According to the results obtained using sequence-based methods, amino acid substitution R201P (rs706045634) refers to those that have a certain effect on the functional properties of telomerase. And according to structure-based methods, it is likely to contribute to increasing the stability of the enzyme. It can be assumed that this substitution affects the functional properties of the enzyme by increasing the stability of the tertiary structure of TERT.
Based on sequence-based methods, the substitutions R281W (rs330770291) and R606L (rs698738374) are estimated as neutral. This prediction is consistent with their assessment by structure-based methods, according to which they are likely stabilizing with respect to the tertiary structure of TERT. An increase in the stability of the TERT structure may contribute to a change in the activity of the enzyme.
Changes in telomerase activity associated with the influence of SNPs rs789641834, rs325294961, rs706045634 (based on both sequence and structure prediction) and rs705602819 (based on strong sequence prediction) can result in changes in certain processes at the cellular level and, ultimately, possibly affect physiological parameters associated with the manifestation of productive traits that depend on the health of animals, their resistance to stress factors and duration of economic use.

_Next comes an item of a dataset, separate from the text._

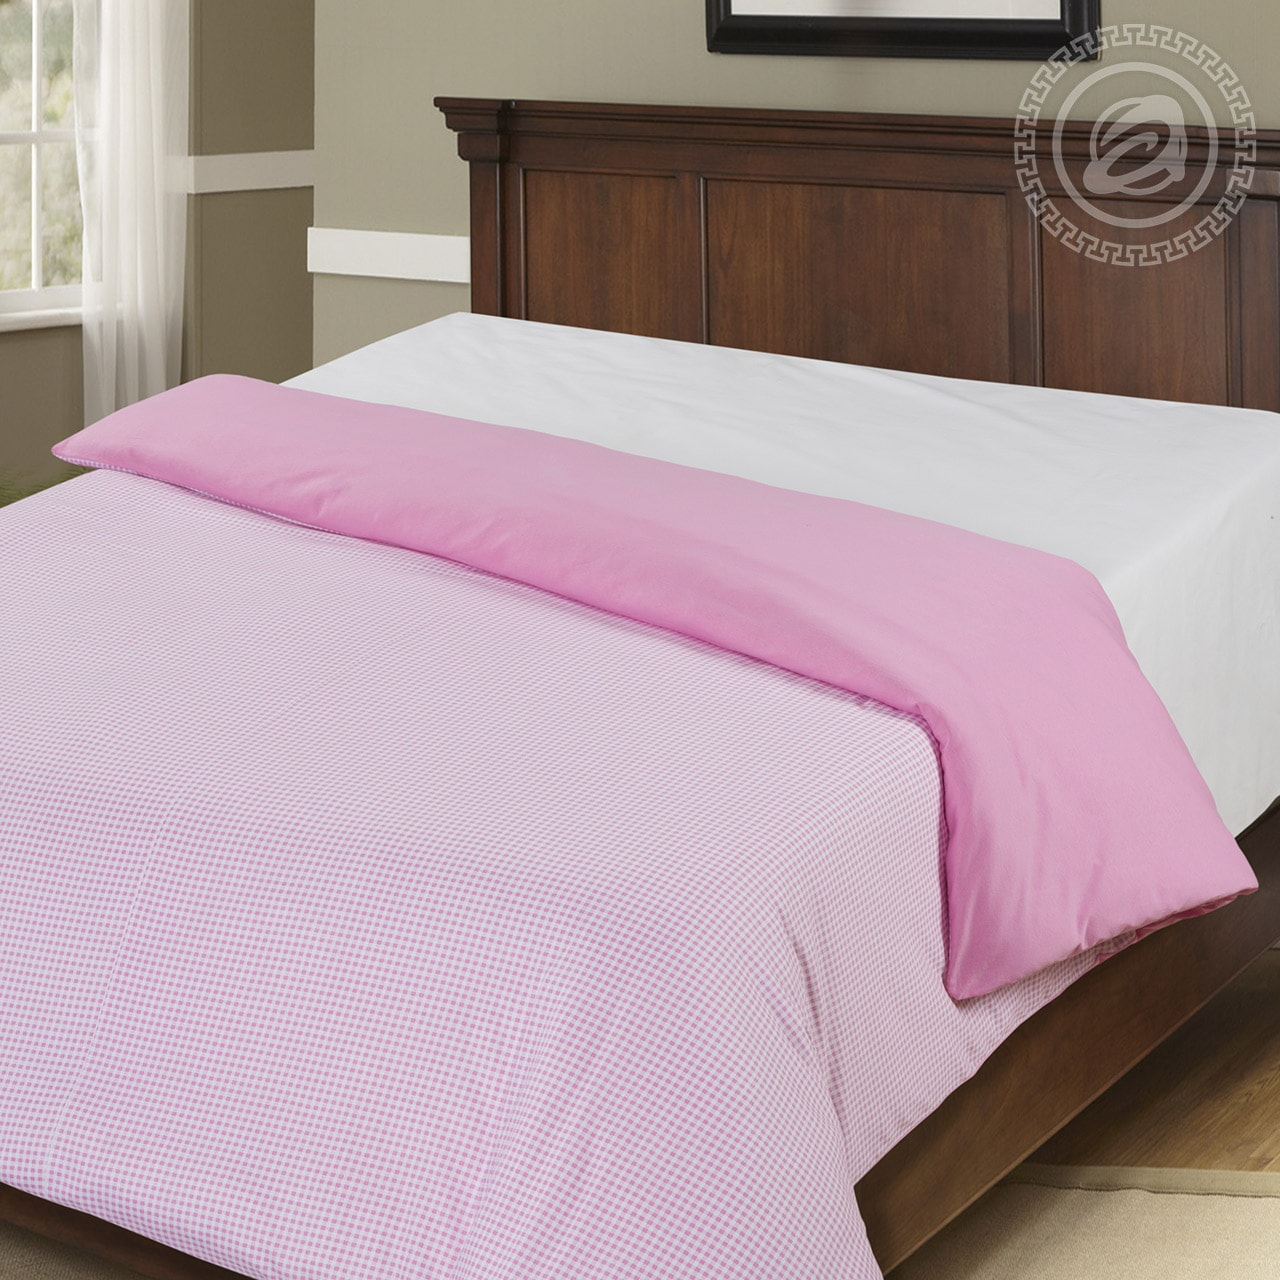 цена на Пододеяльник трикотажный на молнии iv36552 розовый (1.5 спальный (145х215))
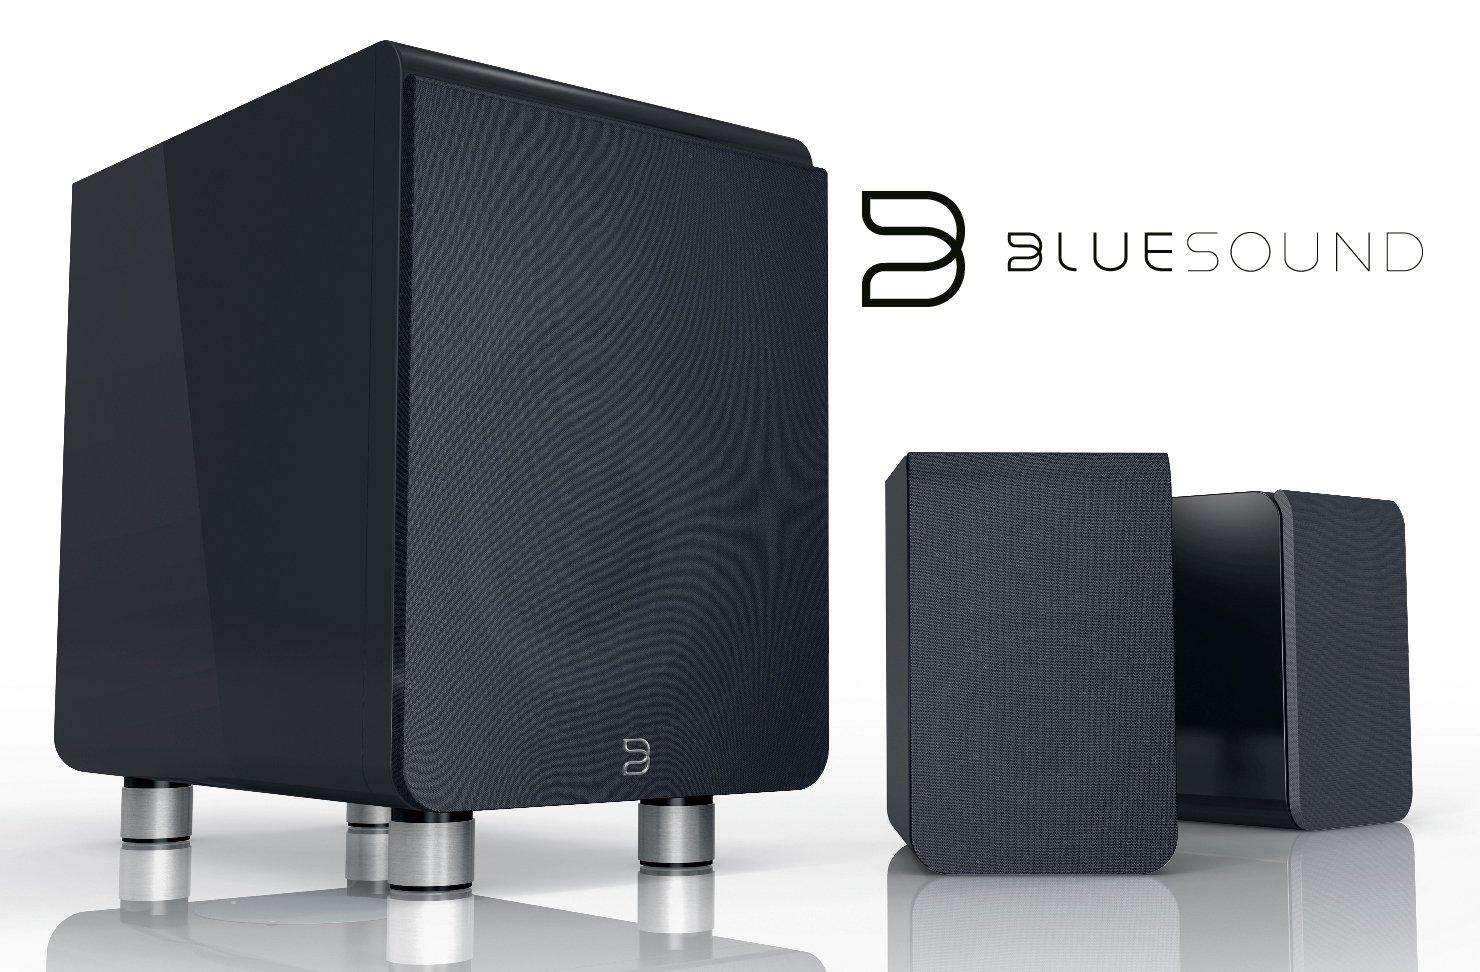 Das Bluesound Duo Lautsprechersystem aus Sateliten und Subwoofer kauft man beim AkustikTune Hifi Fachhandel

These SNPs should be tested in association studies to establish their actual effect on animal performance. In the event that the results of such studies demonstrate their significant association with such traits, they can obviously be used in marker-associated breeding and should be considered direct genetic markers. At the same time, mutations corresponding to them can be classified as causative since they directly affect the functional and structural characteristics of TERT that, in turn, induce changes in productive qualities. Those SNPs for which the corresponding amino acid substitutions, according to the results of bioinformatic analysis, did not reveal an effect on the characteristics of TERT, but in the association analysis performed for them show an effect on productive traits, obviously, can be considered linkage disequilibrium genetic markers.